E-ISSN: 2587-2478
Platelets: A Neglected Cell in Cystic Fibrosis Lung Inflammation
PDF
Cite
Share
Request
Original Article
VOLUME: 11 ISSUE: 3
P: 176-180
September 2024

Platelets: A Neglected Cell in Cystic Fibrosis Lung Inflammation

J Pediatr Res 2024;11(3):176-180
DOI: 10.4274/jpr.galenos.2024.62144
Ali Özdemir 1
Murat Ersoy 2
1. Mersin City Training and Research Hospital Clinic of Pediatrics, Division of Pediatric Pulmonary, Mersin, Turkey
2. Mersin City Training and Research Hospital Clinic of Pediatrics, Mersin, Turkey
No information available.
No information available
Received Date: 25.06.2024
Accepted Date: 22.08.2024
Online Date: 26.09.2024
Publish Date: 26.09.2024
PDF
Cite
Share
Request

ABSTRACT

Aim

There is growing recognition of the critical role of platelets in inflammation and immune responses. However, the role of platelets in lung inflammation in patients with cystic fibrosis (CF) is unclear. Therefore, we aimed to investigate platelet count (PC) and mean platelet volume (MPV) in various clinical conditions in CF patients.

Materials and Methods

A total of 53 pediatric patients with CF were enrolled in this study. Data was retrospectively obtained from the patients’ medical records for PC and MPV, and then categorized into 6 groups according to their pulmonary exacerbation and non-pulmonary exacerbation status in chronically colonized or non-colonized patients with CF. The groups were then compared statistically.

Results

The mean age of the patients was 8.01±5.34 years with a male to female ratio of 30:23. In the acute pulmonary exacerbation period, all patients with CF had higher PC than those in a non-pulmonary exacerbation period independent of their chronic colonization status (p<0.05). However, PC was not different in non-colonized patients whether they were in acute pulmonary exacerbation or non-pulmonary exacerbation periods (p>0.05). Importantly, MPV did not show any statistical significance in any compared settings among these CF patients.

Conclusion

Platelets may play an important role along with other inflammatory cells and mediators in CF lung inflammation during pulmonary exacerbations.

Introduction

Cystic fibrosis (CF) is the most common genetic lung disease affecting mainly the Caucasian population worldwide. It is inherited in an autosomal recessive fashion and affects approximately 100,000 people throughout the world. CF is caused by mutations in the gene encoding the CF transmembrane conductance regulator (CFTR), located on the long arm of chromosome 7. To date, more than 2,000 mutations on the CFTR have been reported. Approximately 70% of CF patients in the Caucasian population are homozygous for the F508del genotype. At the lung level, mutations in the CFTR cause reduced chloride in airway secretion, which favors the reabsorption of sodium and results in dried secretions, poor mucociliary clearance and airway obstruction. This results in recurrent airway bacterial infections [Pseudomonas aeruginosa (P. aeruginosa) and Staphylococcus aureus (S. aureus) being the most common pathogens]. This is associated with inflammatory cell accumulation and the release of proteolytic and other cell contents with resulting damage to the bronchial walls, leading to a loss of bronchial cartilaginous support and muscle tone, and eventually bronchiectasis (1, 2).

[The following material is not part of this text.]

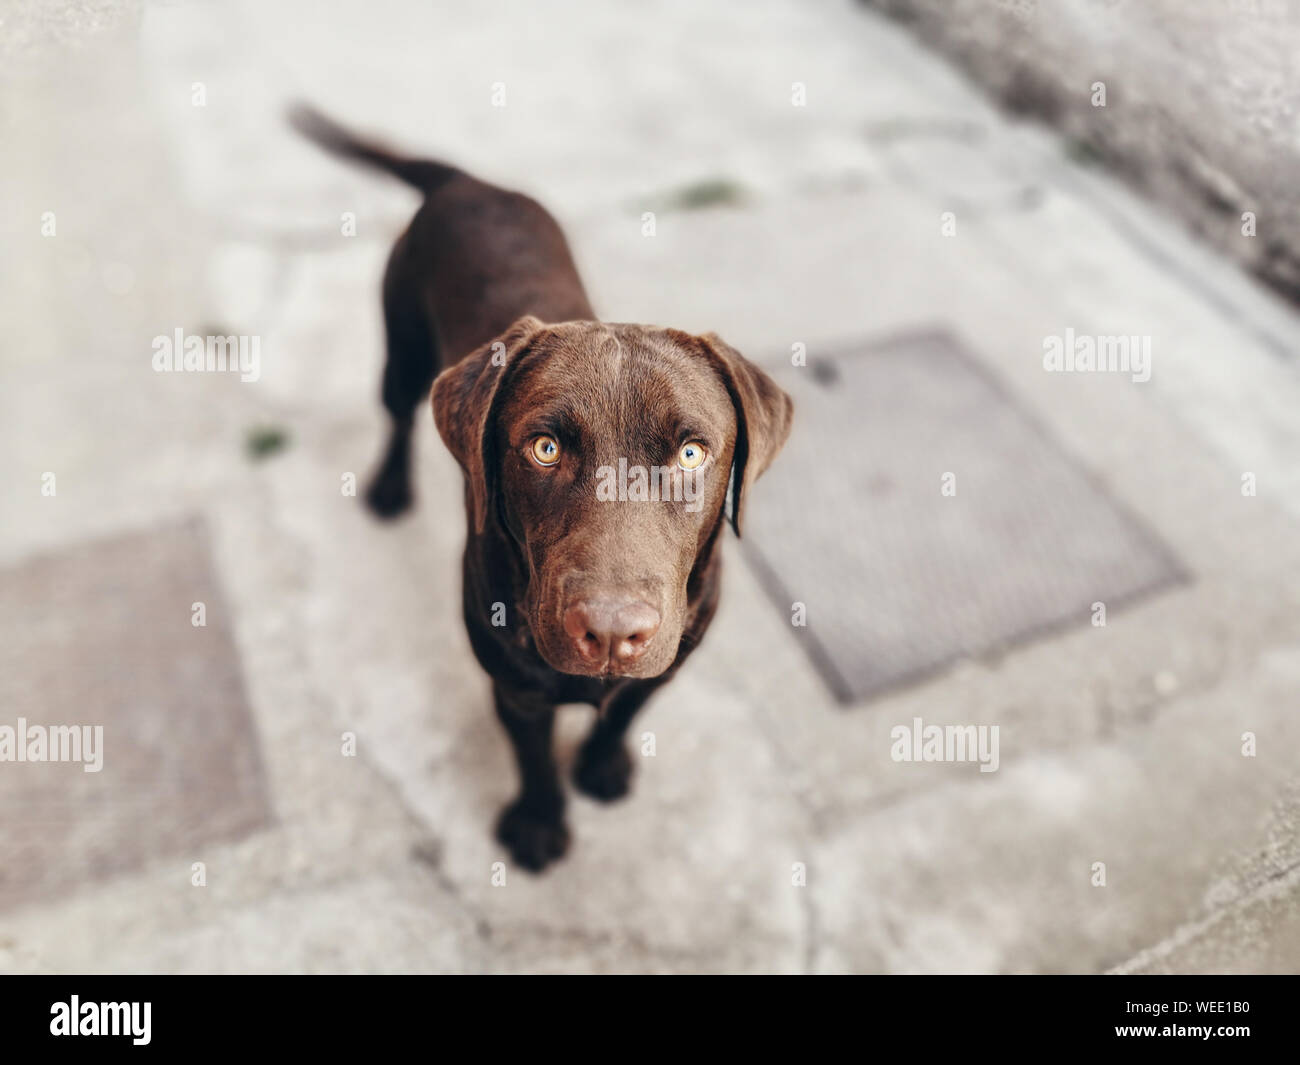 Chocolate Labrador Retriever portrait, looking into camera, depth of field Stock Photo

Airway inflammation in CF is predominantly neutrophilic in nature with increased concentrations of pro-inflammatory mediators including TNF-α, IL-1β, IL-6, IL-8, IL-17, IL-33, GM-CSF and G-CSF. In addition, other cell types including macrophages and T-lymphocytes express CFTR and contribute to the CF inflammatory response due to a lack of CFTR modulation of the inflammation (3).

The researchers suggested that platelets may also be an important contributor to pulmonary inflammation (4, 5). Platelet depletion or antiplatelet therapies attenuate injury and mortality in animal models of acute lung injury (6). More importantly, CFTR expression has been shown on human platelets (7). Recent data suggests that CF patients show an increase in circulating activated platelets and platelet reactivity (8). The soluble form of circulating proinflammatory mediator CD40L, which is mainly derived from platelets, was observed to be increased in those patients with CF and P. aeruginosa infection (9).

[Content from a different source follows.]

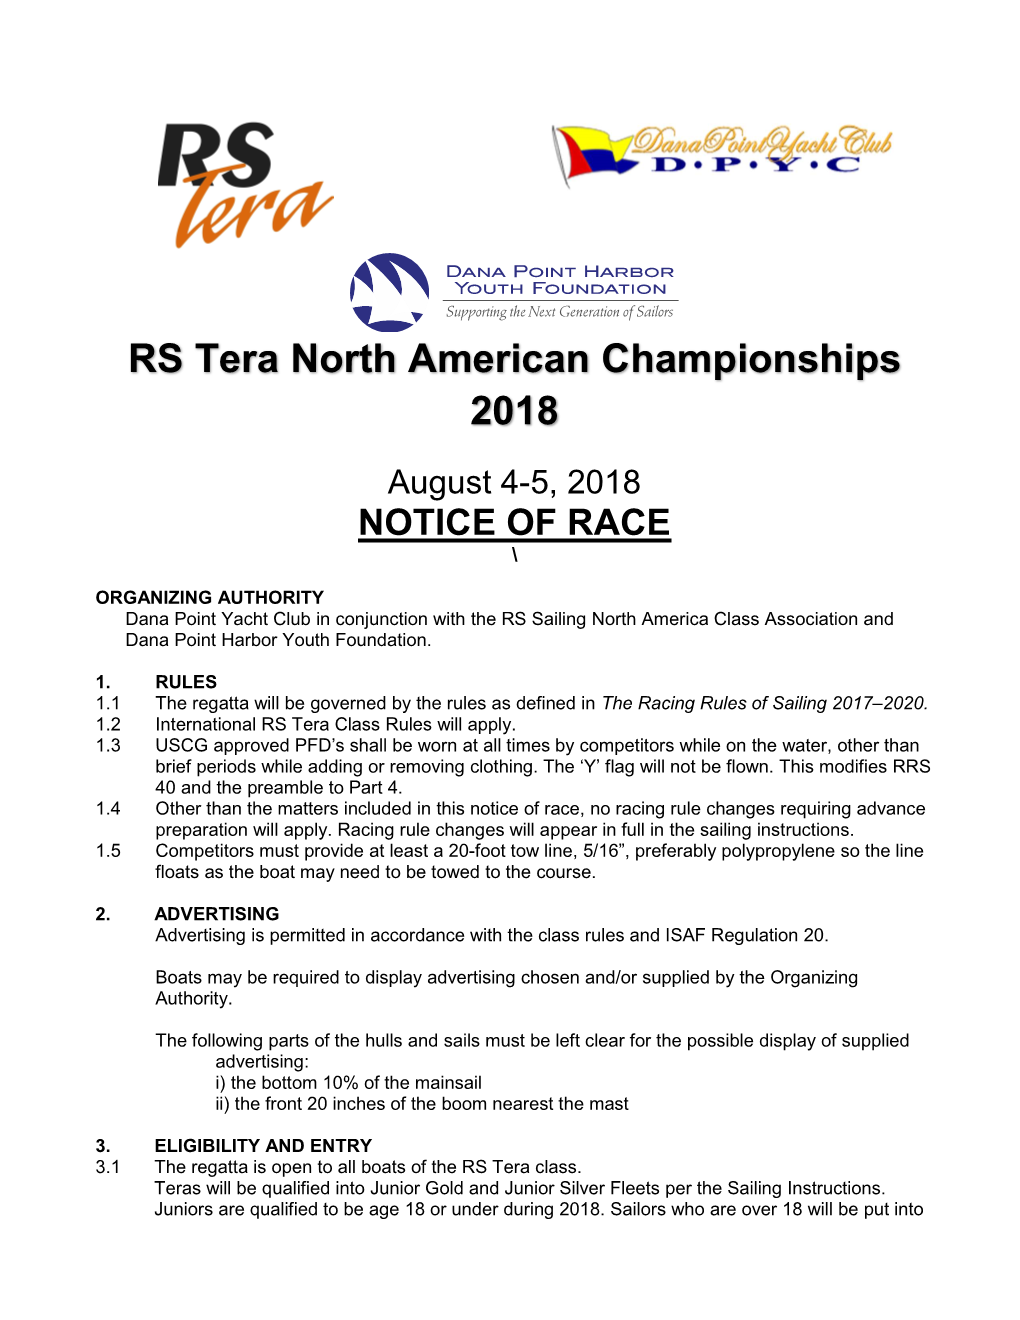 RS Tera North American Championships 2018

Taken together, these observations support the hypothesis that platelets play a potentially important role in regulating lung inflammation in CF. However, there are few studies examining platelet and lung inflammation interactions in patients with CF (10, 11). Therefore, we aimed to investigate platelet count (PC) and mean platelet volume (MPV) in various conditions in our CF patient population.

Materials and Methods

This was a single-center, retrospective study of patients ≤18 years of age with CF, diagnosed by sweat test (>60 mmol/L) and/or positive genotype. The study period occurred between February 2015 and June 2022 at the Mersin City Training and Research Hospital. The medical records of all of the patients with CF were reviewed mainly for patient demographics, complete blood count analysis via an Auto Hematology Analyzer (Advia2120i, Siemens, IRL) and throat/sputum culture results performed on the same day. Those patients with insufficient data or who were lost to follow-up were not included in this study. The patient demographics included age, sex, current body mass index (BMI), CF mutation analysis, age at diagnosis, chronic colonization for P. aeruginosa and S. aureus defined by the Leeds criteria (12), inhaled antibiotic treatment, latest year best spirometry (if available), and frequency of hospitalization.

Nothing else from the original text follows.